ЭПИЛОГ В „СОВРЕМЕННИКЕ“

проснувшись по утру, взял зеркало и увидел, что нос сидел уже где следует, между двумя щеками. В изумлении он выронил зеркало на пол, и всё щупал пальцами, действительно ли это был нос. Но уверившись, что это был точно не кто другой, как он самый, он соскочил с кровати в одной рубашке и начал плясать по всей комнате какой-то танец, составленный из мазурки, кадриля и тропака. — Потом приказал дать себе одеться, умылся, выбрил бороду, которая уже отросла было, так что могла вместо щетки чистить платье, — и чрез несколько минут видели уже коллежского асессора на Невском проспекте, весело поглядывавшего на всех; а многие даже приметили его покупавшего в Гостином дворе узенькую орденскую ленточку, неизвестно для каких причин, потому что у него не было никакого ордена.

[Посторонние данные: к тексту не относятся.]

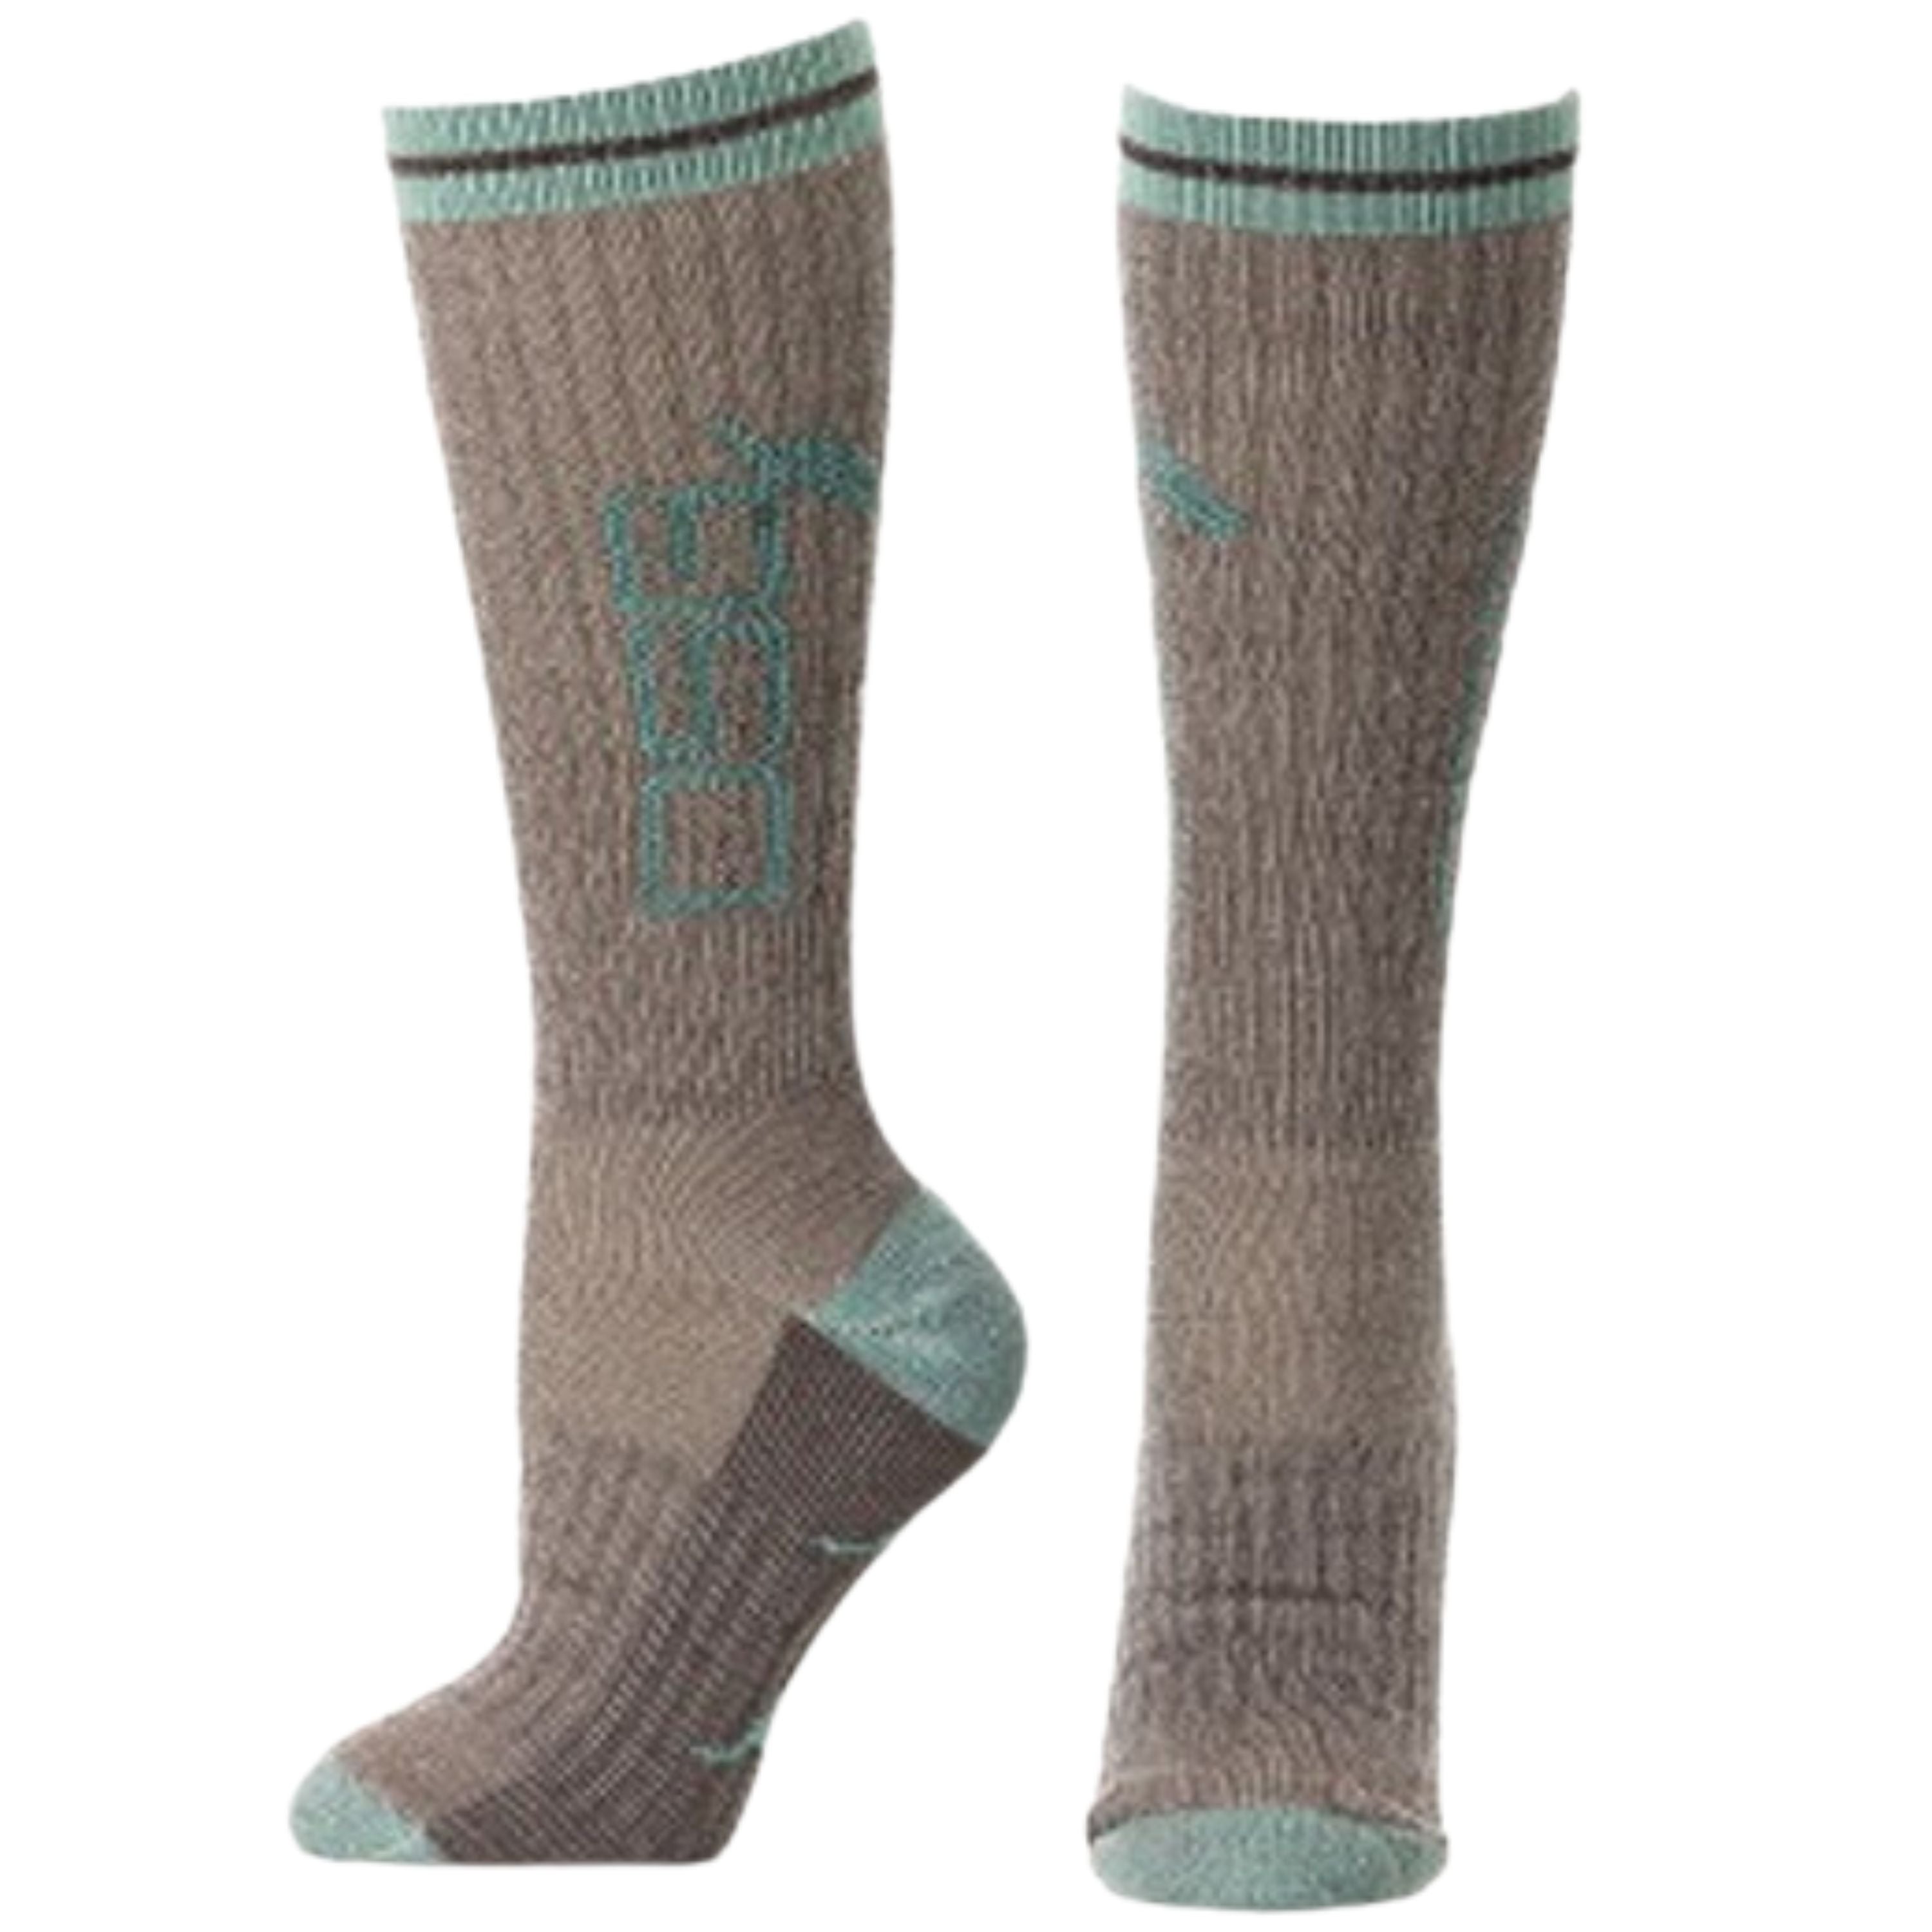 Thick merino wool socks - Women's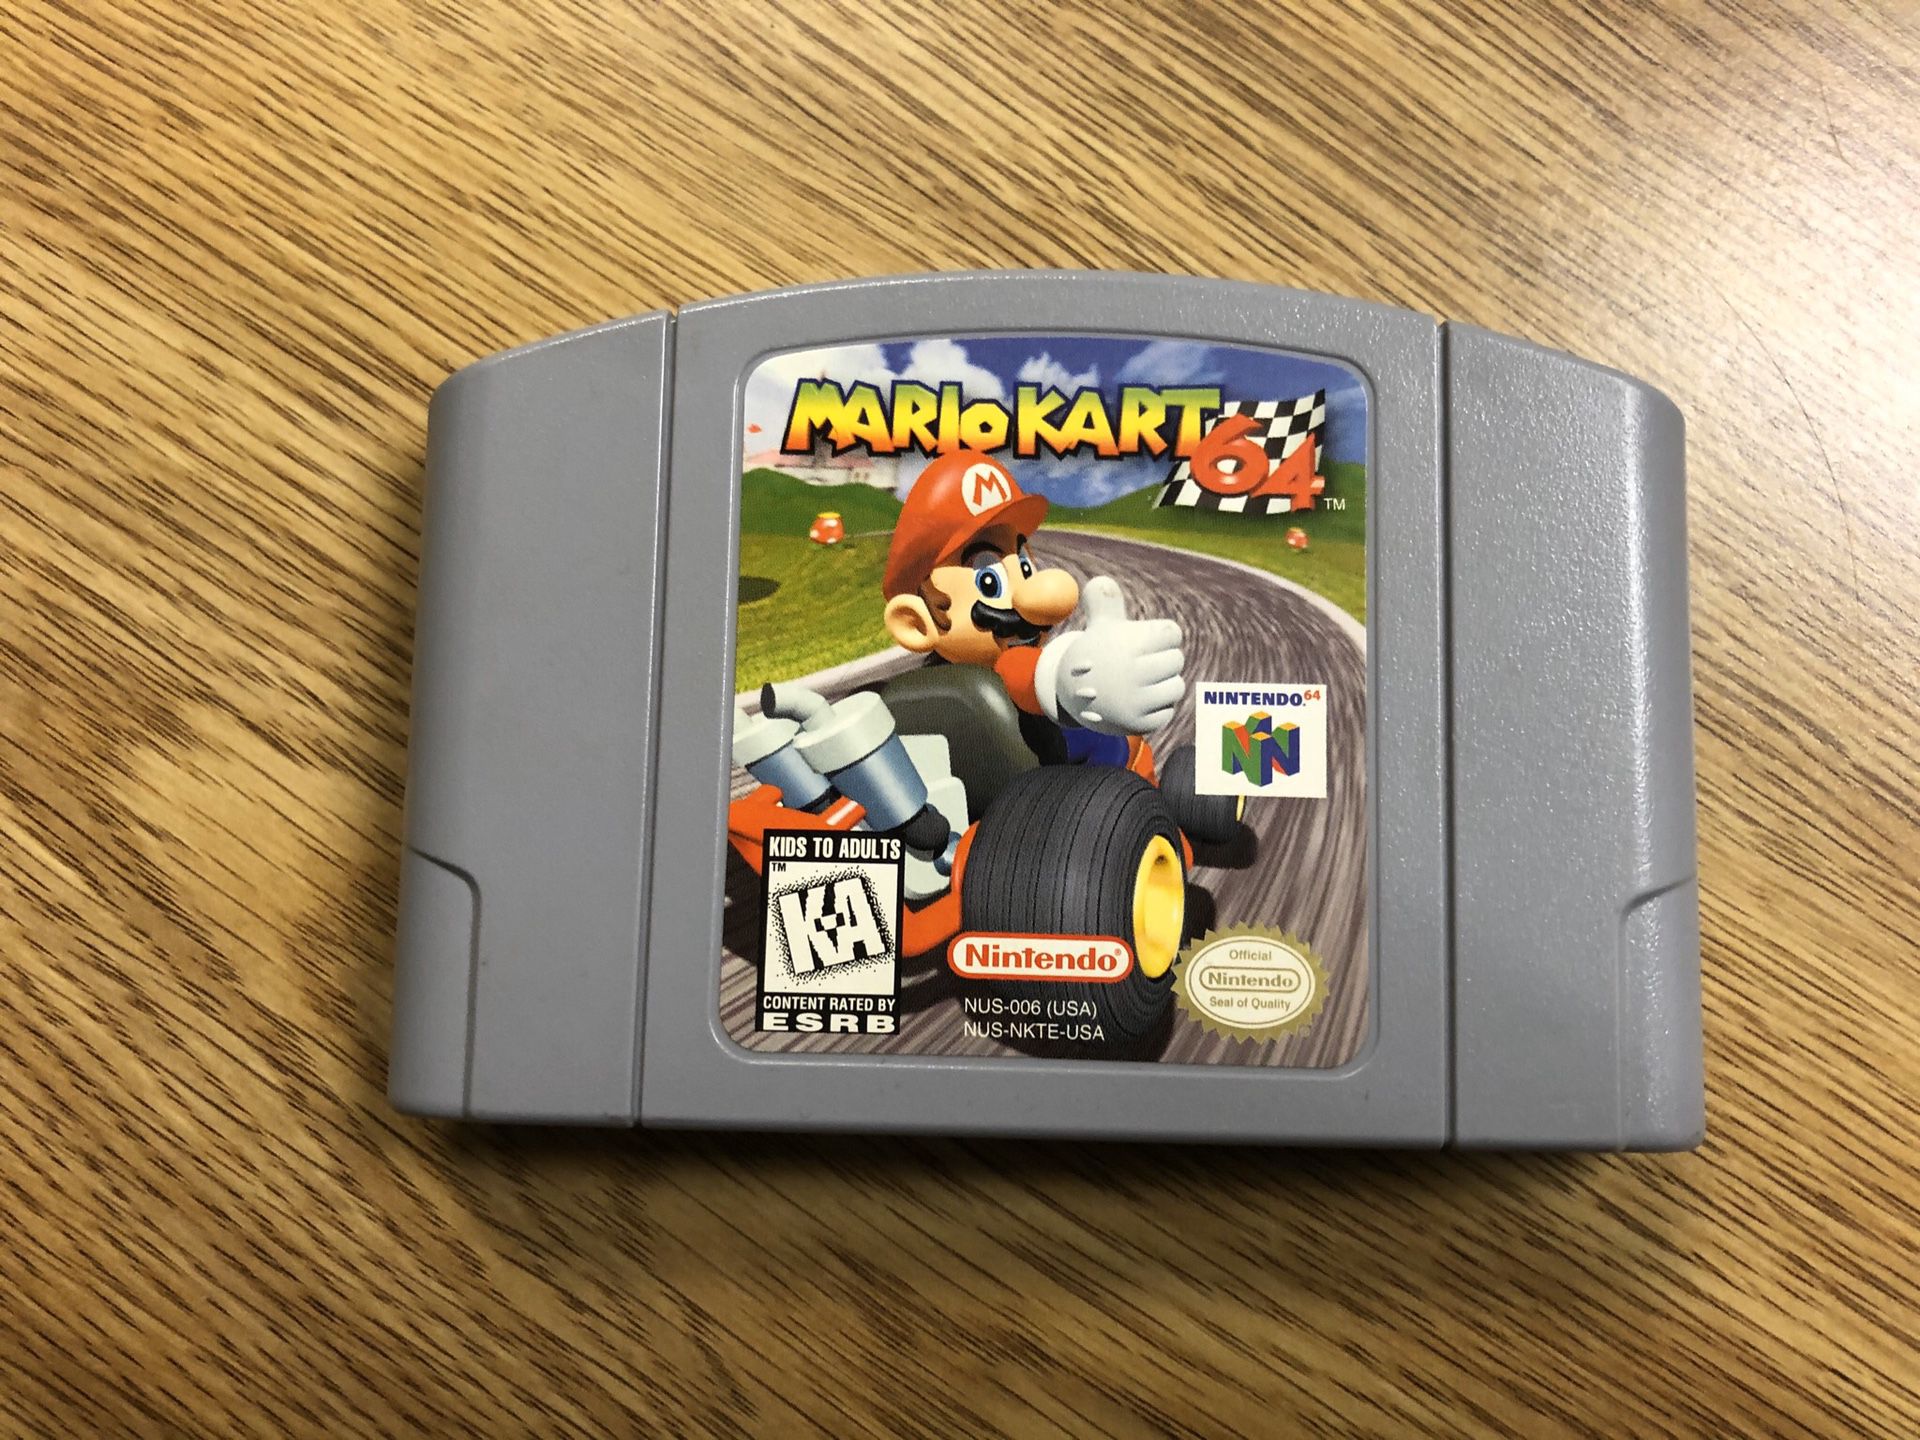 Nintendo 64 “Mario Kart 64” video game cartridge!

Чрезвычайно странная история! Я совершенно ничего не могу понять в ней. И для чего всё это? К чему это? Я уверен, что больше половины в ней неправдоподобного. Не может быть, никаким образом не может быть, чтобы нос один сам собою ездил в мундире и притом еще в ранге статского советника! И неужели в самом деле Ковалев не мог смекнуть, что чрез газетную экспедицию нельзя объявлять о носе? Я здесь не в том смысле говорю, что бы мне казалось дорого заплатить за объявление: это пустяки, и я совсем не из числа корыстолюбивых людей; но неприлично, совсем неприлично, нейдет. Несообразность и больше ничего! — И цирюльник Иван Яковлевич вдруг явился и пропал, неизвестно к чему, неизвестно для чего. — Я, признаюсь, не могу постичь, как я мог написать это? — Да и для меня вообще непонятно, как могут авторы брать такого рода сюжеты! К чему всё это ведет? Для какой цели? Что доказывает эта повесть? Не понимаю, совершенно не понимаю. — Положим, для фантазии закон не писан, и притом действительно случается в свете много совершенно неизъяснимых происшествий; но как здесь ?.. Отчего нос Ковалева ?.. И зачем сам Ковалев ?.. Нет, не понимаю, совсем не понимаю. Для меня это так неизъяснимо, что я... Нет, этого нельзя понять!